13 May 2022 - 13 July 2022

We are proud to present the very first GREY STATE exhibition featuring ⅔ of our co-founders—Masha Morgunova and Sulay Ranjit—who have a history of collaboration in various forms of expression, including photography, painting, and video.

semblance explores broader themes of identity and perception. Although manifested through different media and styles, each work in this exhibition attempts to interpret and depict a relationship between reality and its reflection(s). We hope this exhibition offers some insight and clarity into Masha's and Sulay's respective art practices.

Masha’s recent work investigates the German term Weltschmerz (world-pain) that describes a feeling of melancholia associated with the weariness of the world. She currently explores this topic through figurative paintings using inversion of color, which allows her to create a contemplative, desolate, and uncanny simulacrum of reality with which we are familiar. Sulay’s recent works, often taking sculptural form, probe the notion of a fragmented consciousness; he imagines immaterial fragments coming into material being as whole objects/experiences.
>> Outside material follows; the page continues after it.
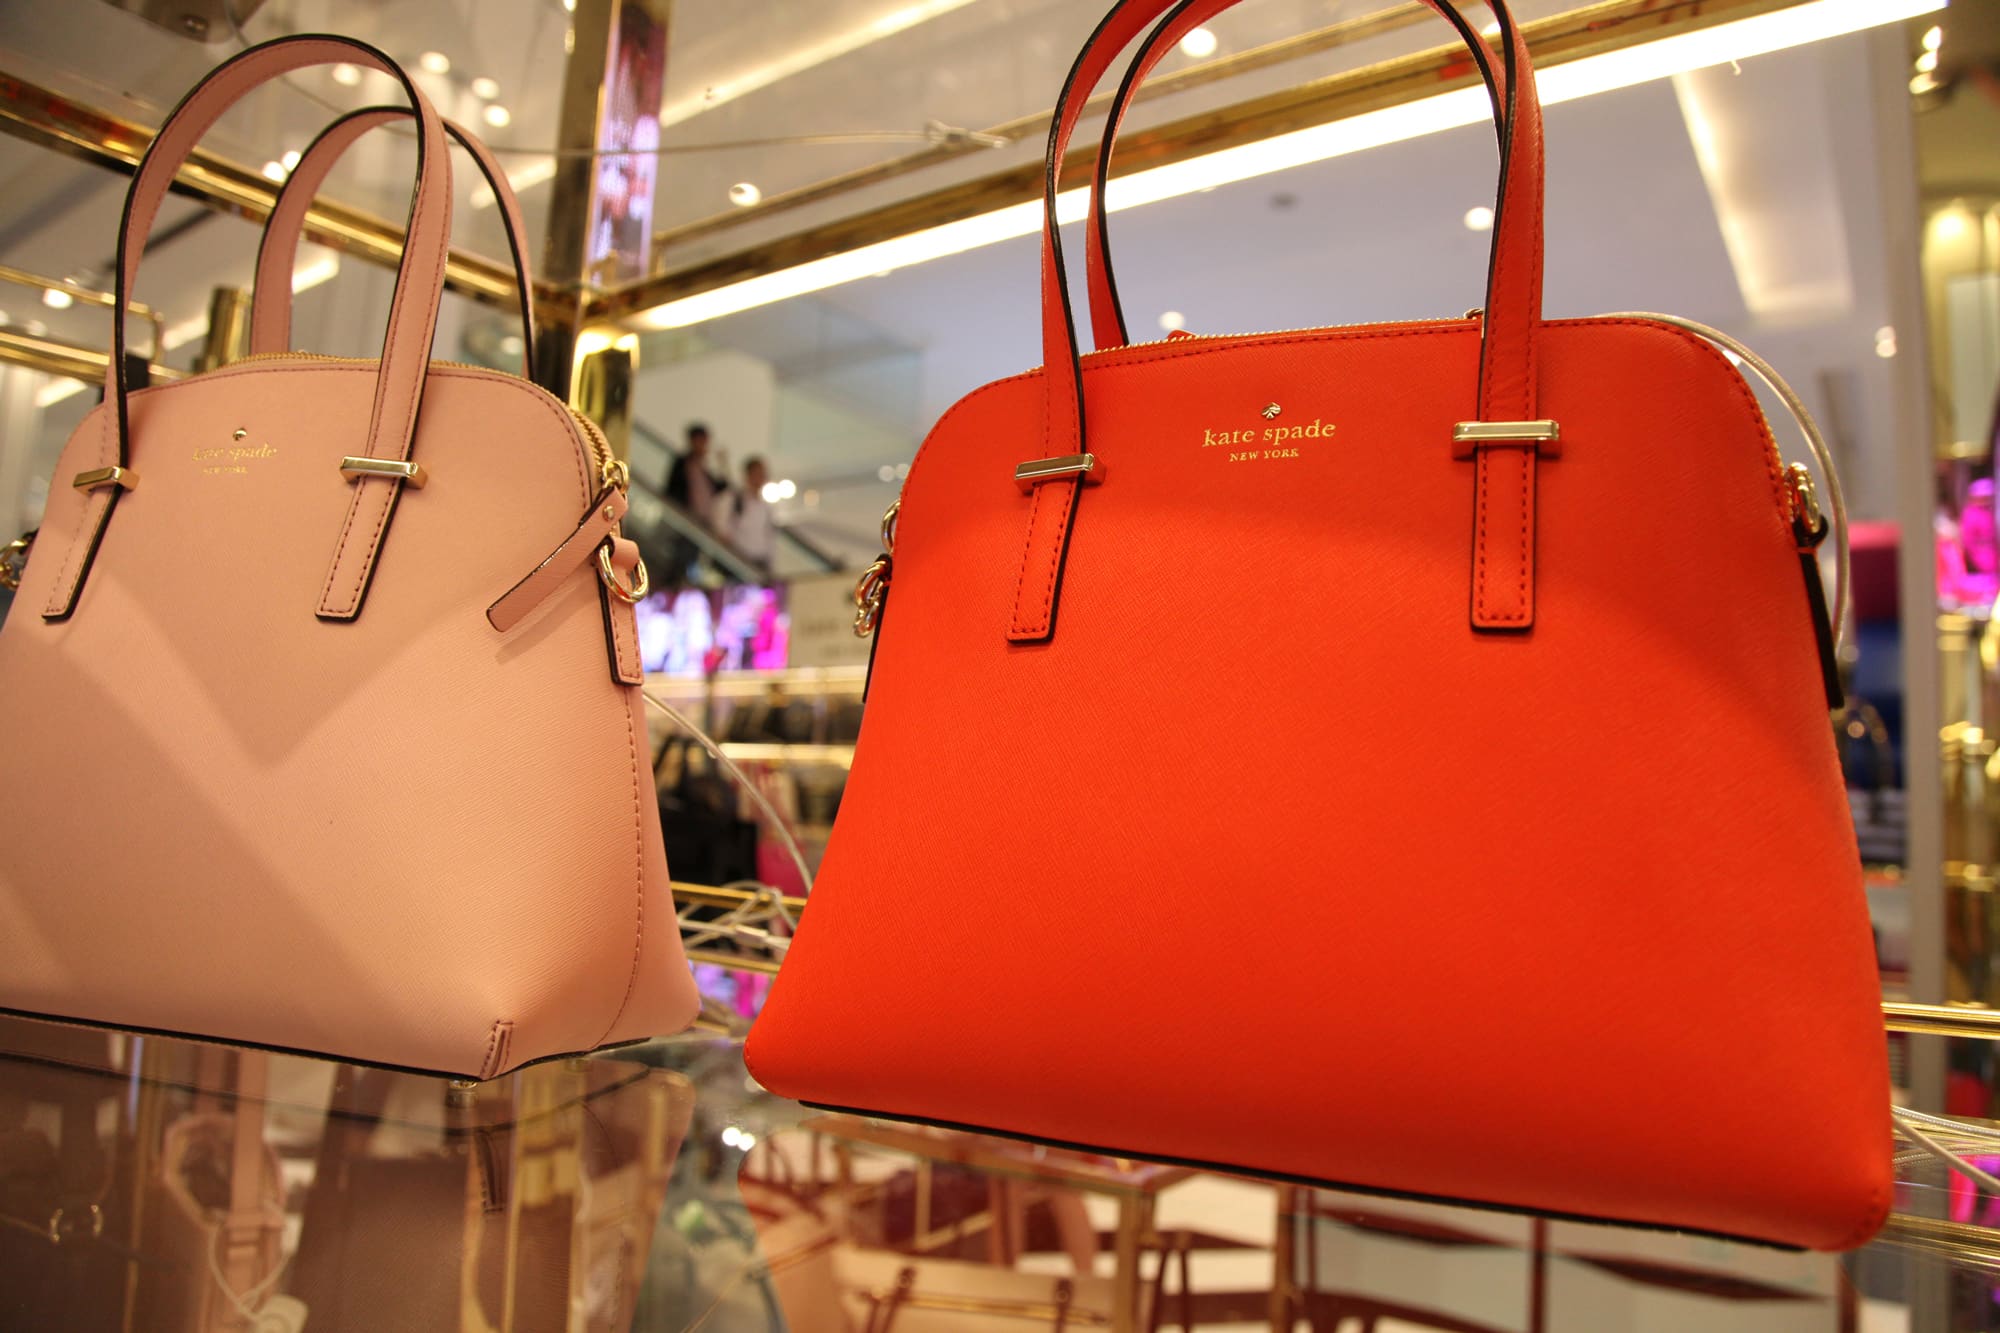 Kate Spade shares plunge 20 percent as growth abruptly slows

“ We came to form a close personal and artistic friendship while sharing a studio space as college students. Over the years, we have seen each other's practice evolve, both independently and collaboratively. The works assembled within this exhibition may seem vastly different, but they share a deeply rooted interest in human experience. Today, although physically separated by over twelve thousand kilometers, we are excited to virtually come together in semblance. ”

Waiting for the Summer Rain
consists of figurative oil paintings that explore how we interact with ourselves, our past and present, navigating a sense of sentimentality in response to the current state of the world.
This series contains inversion paintings, meaning that the colors in them are flipped to their opposites to create an uncanny version of the world with which we are familiar. Inversion here serves as a symbol of a deep inner imbalance caused by an amplified Weltschmerz (World-pain)—a German term that describes a feeling of melancholia associated with the weariness of the world and it’s apparent distance from the idyll. With pressing environmental, political, and social issues, as well as incessant contact with media, I believe that such melancholic apathy is a relevant phenomenon in a contemporary cataclysmic world. In Waiting for the Summer Rain, I am compelled to explore how being exposed to the pain of our world—whether past (e.g. historical atrocities), present (e.g. ongoing wars and conflicts), or future (e.g. climate crisis)—can affect individuals and shape our collective state of being.
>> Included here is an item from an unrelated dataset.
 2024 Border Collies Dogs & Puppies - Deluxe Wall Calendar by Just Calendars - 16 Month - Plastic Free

The painted figures, radiating blue light, are shown in contemplative positions, each preoccupied with their own quiet internal turmoil. Deriving inspiration from William Gass’ and Maggie Nelson’s written meditations on blue, I am determined that this color embodies the desired connotations to portray a contemporary Weltschmerz - solitude and contemplation, grief and longing, emergence of life and its fading.

          Masha Morgunova

Sulay Ranjit  

What is it to experience an amalgamation of immaterial fragments that have endured, transcending histories and permeating the fabric of present space and time? Through my works included in this exhibition, I probe the notion of a fragmented consciousness and how it is experienced as a seamless singular in the present.

A number of sculptural works in this series come to form as physically whole objects through the fusion of disparate elements. This body of work represents my recent attempts at creating a kind of language that forces the audience to view fused fragments, so as to form conceptual links between the fragments as relational and formative towards a supposed whole. Disjoint body parts then become a commonly accessible motif — I explore anthropomorphic tendencies for their immediacy in terms of generating senses of memory, and of conveying immateriality through material forms. My non-sculptural works exhibit similar ideas as well.
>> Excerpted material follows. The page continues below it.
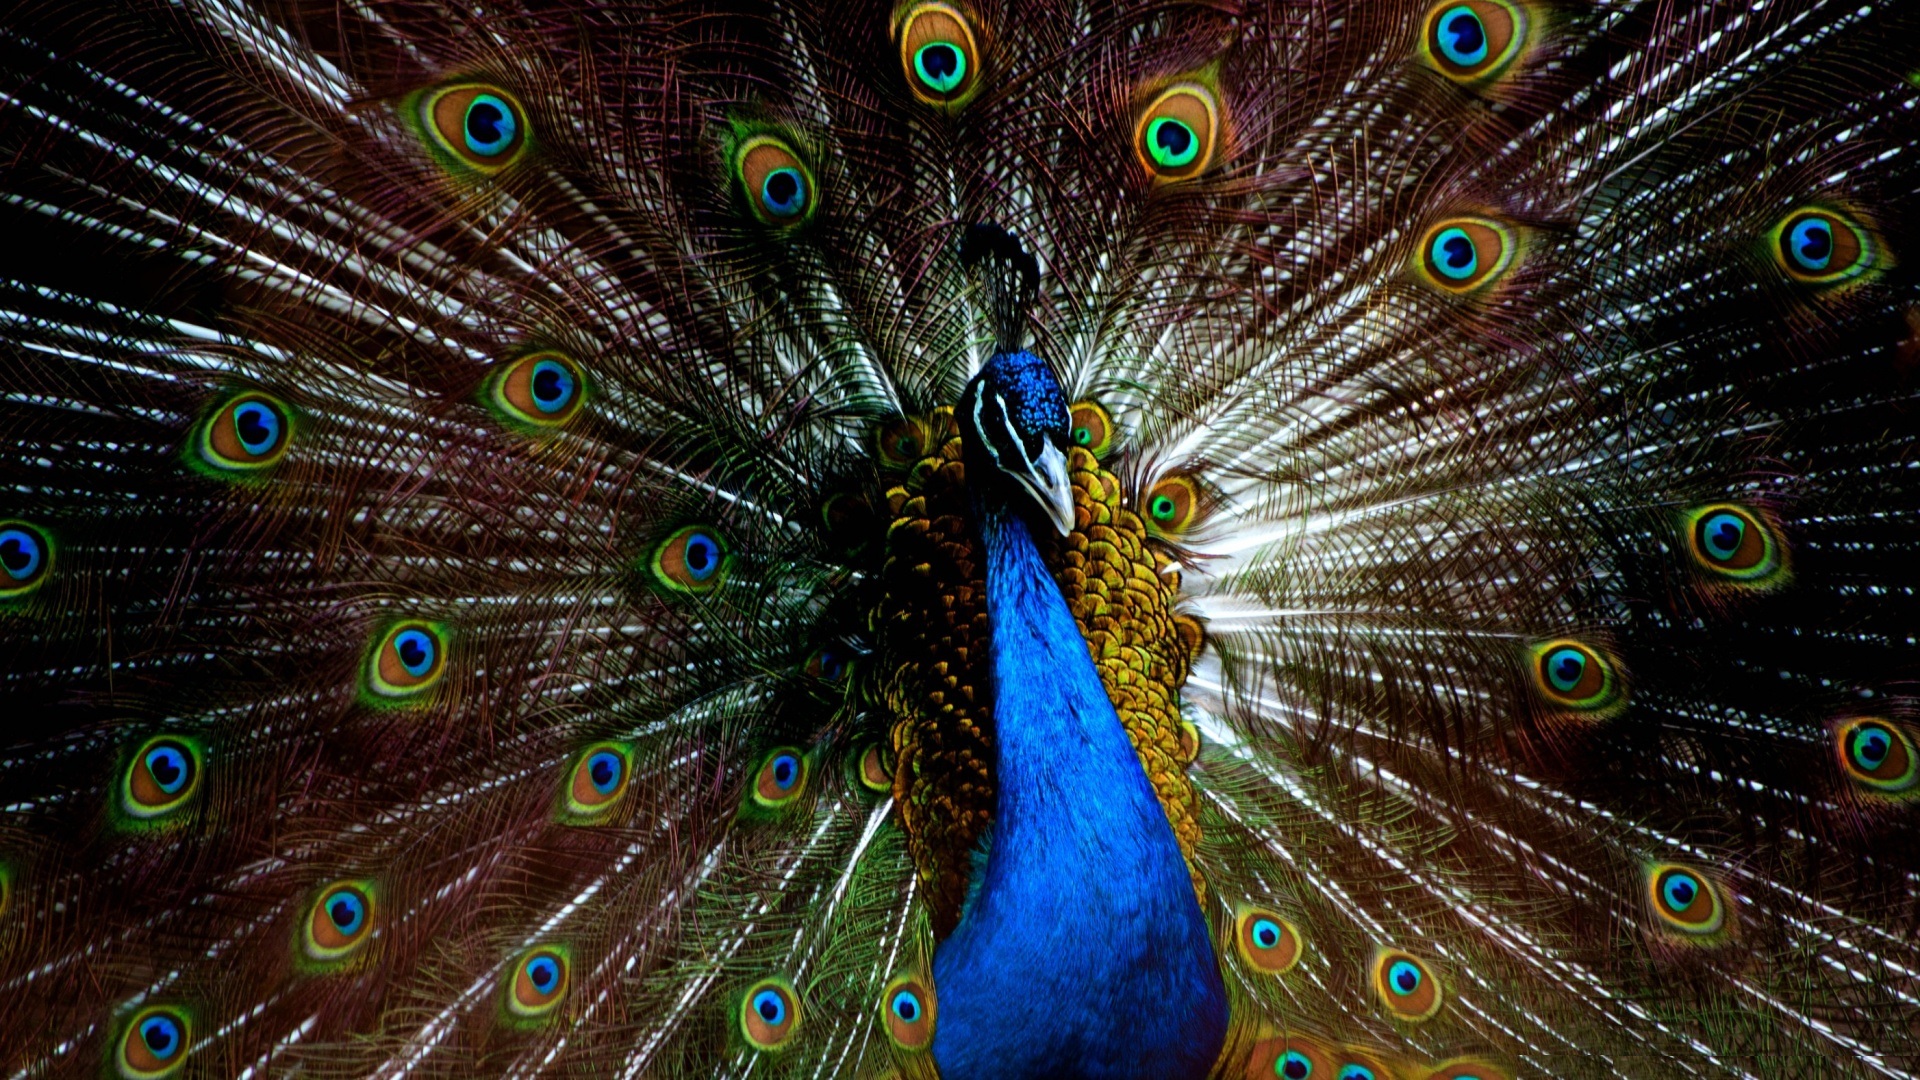 Peacock Feathers Wallpaper 61 images

In particular, I Smell Like Curry points to an instance of a fragmented self and the affective dimension that it inhabits as a brown body moves through euro-american spaces in an allegedly post-colonial world. Liminal experiences of the self are intriguing, and I believe that their study is pertinent to more inclusive and robust interrogations of identities, social dynamics, and structures of power embedded therein.

In the end, I want to let my works continually generate their own meanings, both for the viewers and for myself. Some of these works were conceived as early as 2020, and continue to be adapted for virtual display environments in response to physical, material, and spatial limitations.